Гермиона тихо рассмеялась, прижимаясь к его груди.
***
Этой ночью Люциус не мог сомкнуть глаз. Всматриваясь в призрачные блики на потолке их с Гермионой спальни, он вспоминал время, пришедшееся на самый пик его молодости, когда он уже, казалось, остепенился, но скука, доставляемая ему этой самой степенностью, ещё была до крайности невыносима.
Люциусу тогда было тридцать два года. К тому времени он был уже более шести лет женат и имел сына. Безумные выходки его юности остались позади и он, признаться, немало тосковал по ним, хотя и понимал, что новый уклад, наступивший после падения Тёмного Лорда, уже не позволял ему быть столь же безрассудным и дерзким. Пытки магглов теперь жестко карались и могли грозить Азкабаном, которого он и так избежал практически чудом, а иных развлечений, способных сравниться с этим занятием по доставляемому ему азарту, он будто бы и не знал вовсе.
Так, лениво и размеренно текла его жизнь. Нарцисса целыми днями занималась Драко, а сам он посещал закрытые загородные клубы чистокровных волшебников, где коротал дни за бокалом огневиски, игрой в воздушное поло, для которой выбирал себе только породистых этонских пегасов, и одноразовыми встречами с приглянувшимися ему дамами, происхождение которых, в отличие от крылатых коней, заботило его несильно. Временами, когда Нарцисса забирала сына на выходные к своим родителям, Люциус устраивал в Малфой-мэноре «Званые вечера», на которые приглашал своих друзей, тех из них, кто также как и он избежал заключения. Вечера эти проходили под лозунгом вседозволенности и разврата, когда приглашённые, да и сам хозяин дома, могли наконец скинуть с себя надоевшие им маски благообразности и высвободить старательно сдерживаемый душевный пыл.

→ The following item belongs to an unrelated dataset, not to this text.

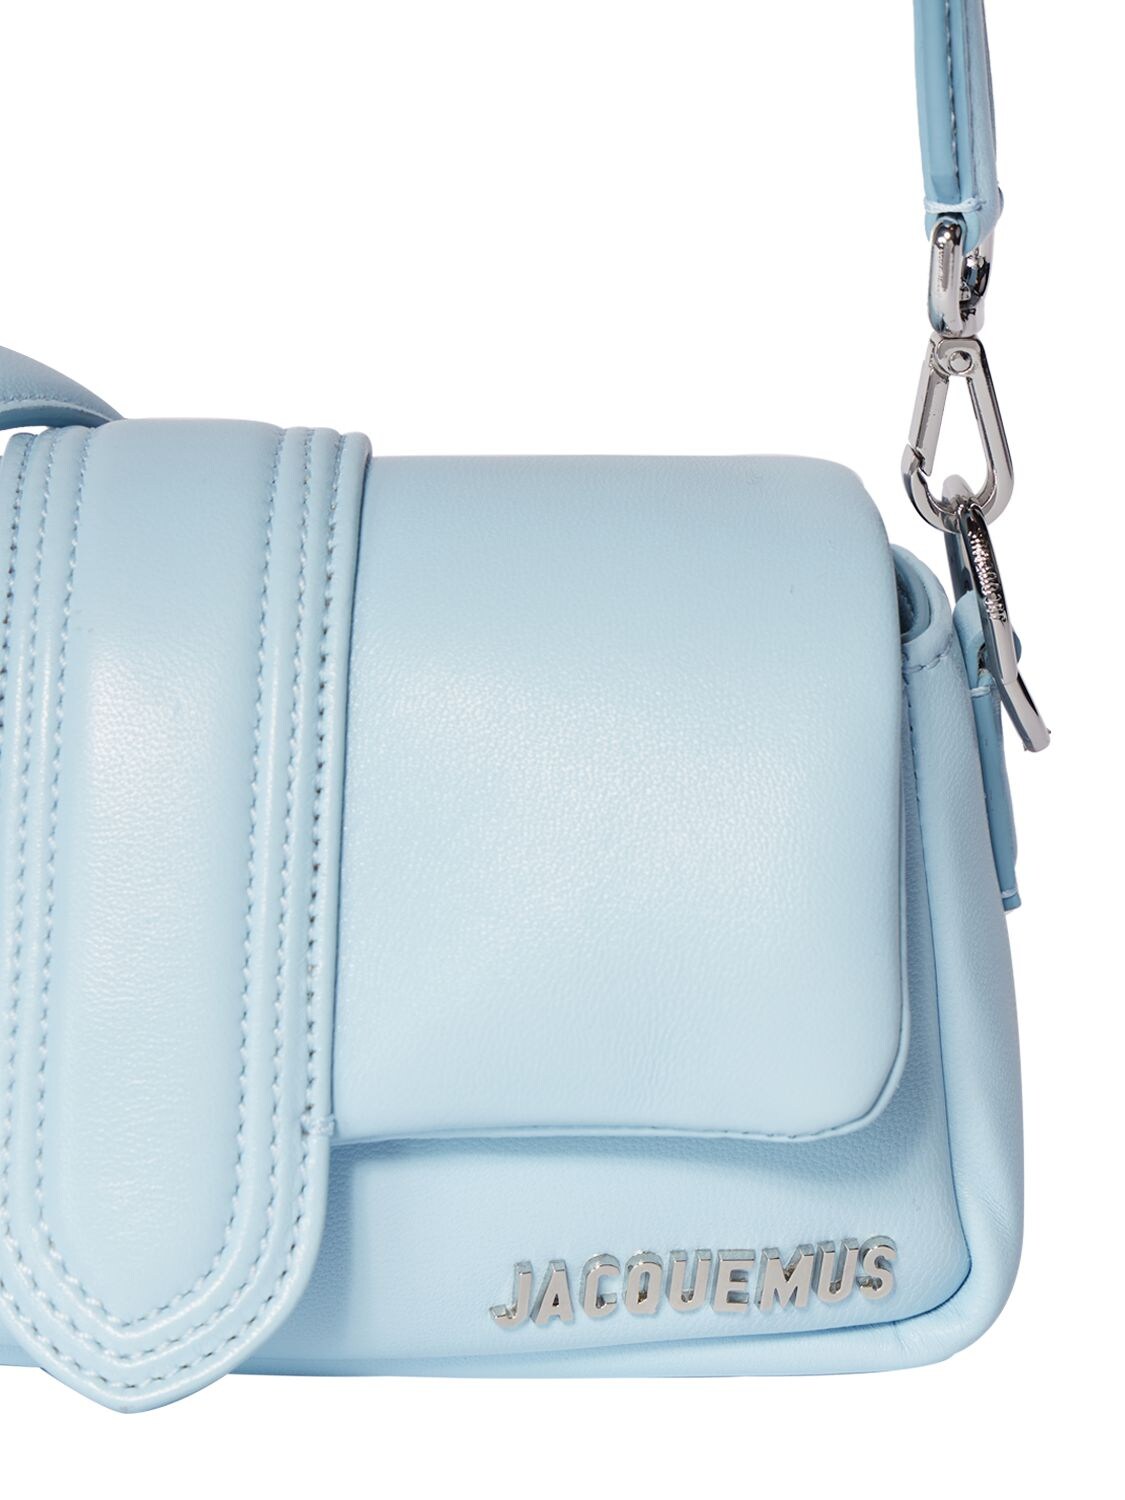 Jacquemus Le Petit Bambimou Leather Shoulder Bag - Neutrals

На одном из таких вечеров и появилась она. Люциус уже плохо помнил, кто именно её привёл. Ему только сказали, что это сестра Ральфа Мальсибера — глупого мальчишки, который толком-то и не блеснул ничем за свою короткую карьеру Пожирателя, кроме, разве что, мастерского умения накладывать Империо. На него зато удалось скинуть несколько серьёзных преступлений, за что он, вместе со своим отцом и сидел вот уже шесть лет в Азкабане. Так вот сестра его, Мирелла, произвела на Люциуса тогда впечатление весьма жалкое. Вся она была какая-то неряшливая и растрёпанная, будто давно не встречалась ни с зеркалом, ни с расчёской. Поведение её тоже не отличалось, подобающим её благородной фамилии аристократизмом: смеялась и пила будто плебейка. Люциуса брало отвращение всякий раз, когда он задерживал на ней взгляд. Единственным её плюсом, пожалуй, было только то, что она оказалась абсолютно безотказной, что конечно не могло не радовать гостей.